News | September 7, 2017

SELC pushes back against TVA effort to expand closed-door decision-making

SELC, Sierra Club, and more than a dozen conservation groups submitted comments yesterday on proposed alterations to Tennessee Valley Authority’s procedures under the National Environmental Policy Act, or NEPA. The federal utility wants to dramatically modify the way it considers environmental impacts when making decisions about providing public power and managing public lands. These changes limit the public’s involvement and allow more closed-door decisions around issues that affect clean water, public lands, electricity rates, and citizens’ private property. Changes to TVA’s NEPA procedures would put 239,000 acres of public land and 11,000 miles of shoreline throughout the agency’s seven-state territory at risk of detrimental environmental effects and raise public health concerns for 9 million residents of the Tennessee Valley.

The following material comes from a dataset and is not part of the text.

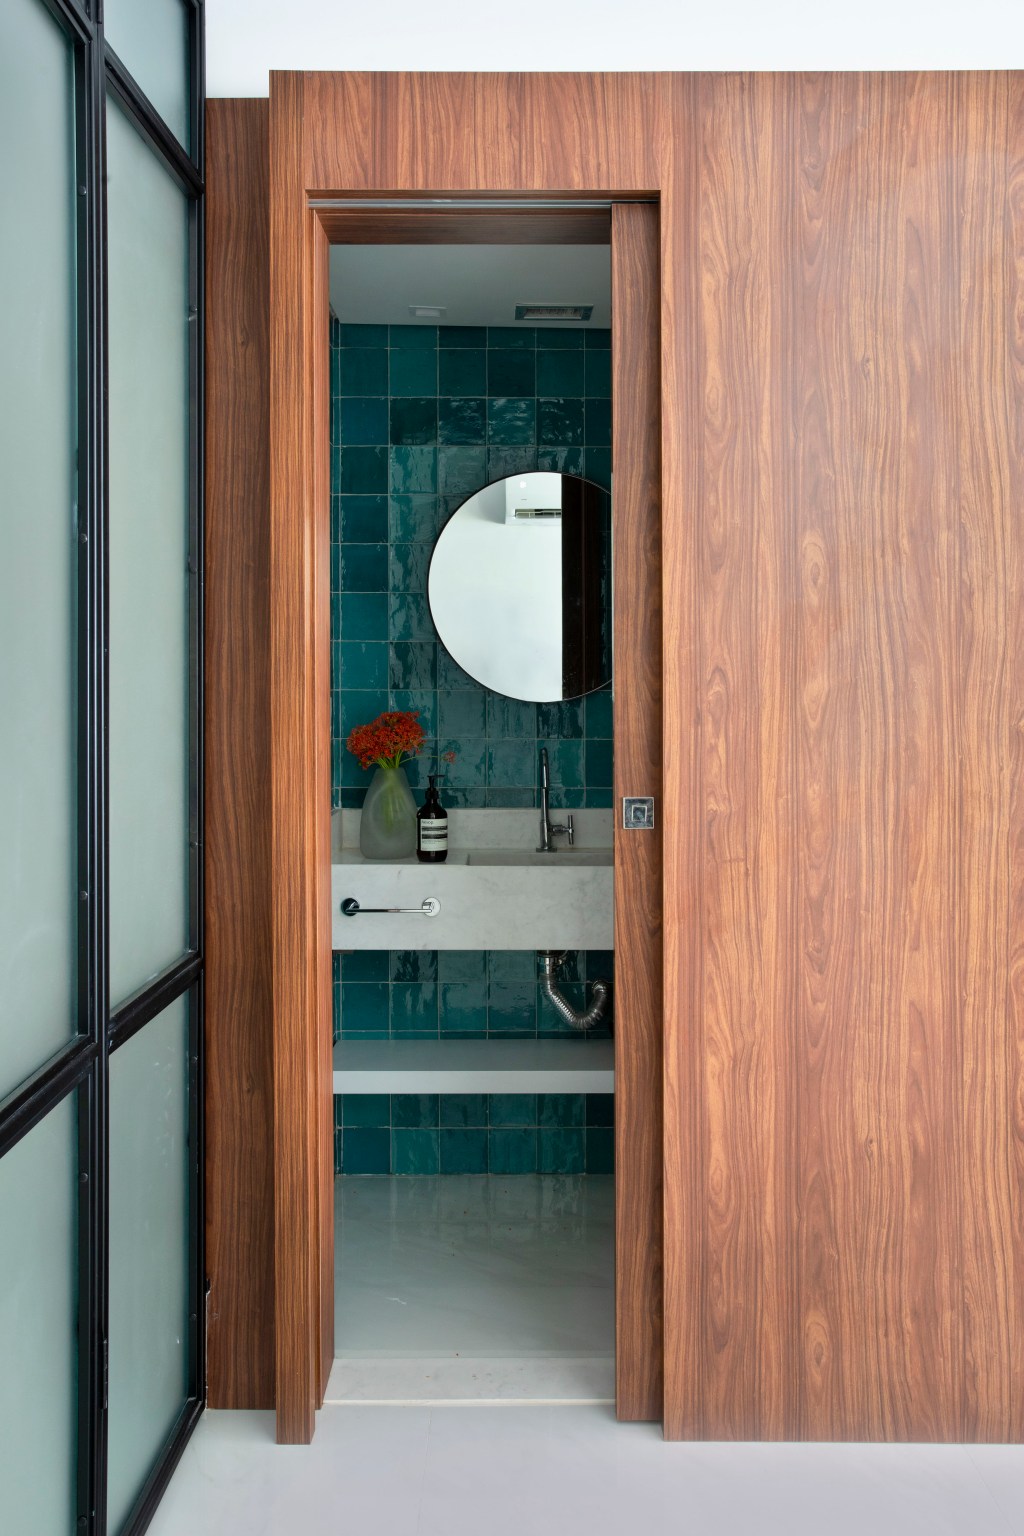 Apartamento 210 m2 décor contemporâneo despojado toques industriais João Panaggio decoração lavabo painel madeira espelho

Examples of past TVA actions taken without public input under NEPA include:

  • Drilling into drinking water supplies without considering nearby toxic-laden groundwater, putting public’s safety at risk;
  • Extensive tree removal on public and private property without investigating potential impacts on water quality, endangered species, or wildlife;
  • Purchasing a fossil fuel-fired power plant;
  • Charging ratepayers more money for using less electricity.

Rather than improving the transparency one would expect from a government organization, TVA’s proposal threatens to give the utility free reign to make these types of decisions behind closed doors in the future.

The purpose of NEPA is to ensure that a federal agency like TVA makes informed decisions by requiring the agency to consider the potential effects of its activities on the natural world. The act also ensures that agencies seek input from communities on its activities and their impacts.

TVA’s proposal also would exclude 50 broad categories of activities from NEPA review. These exclusions would allow the utility to undertake nearly all of its activities without considering the environmental effects of its actions or notifying or involving the people who may be directly affected by the agency’s plans.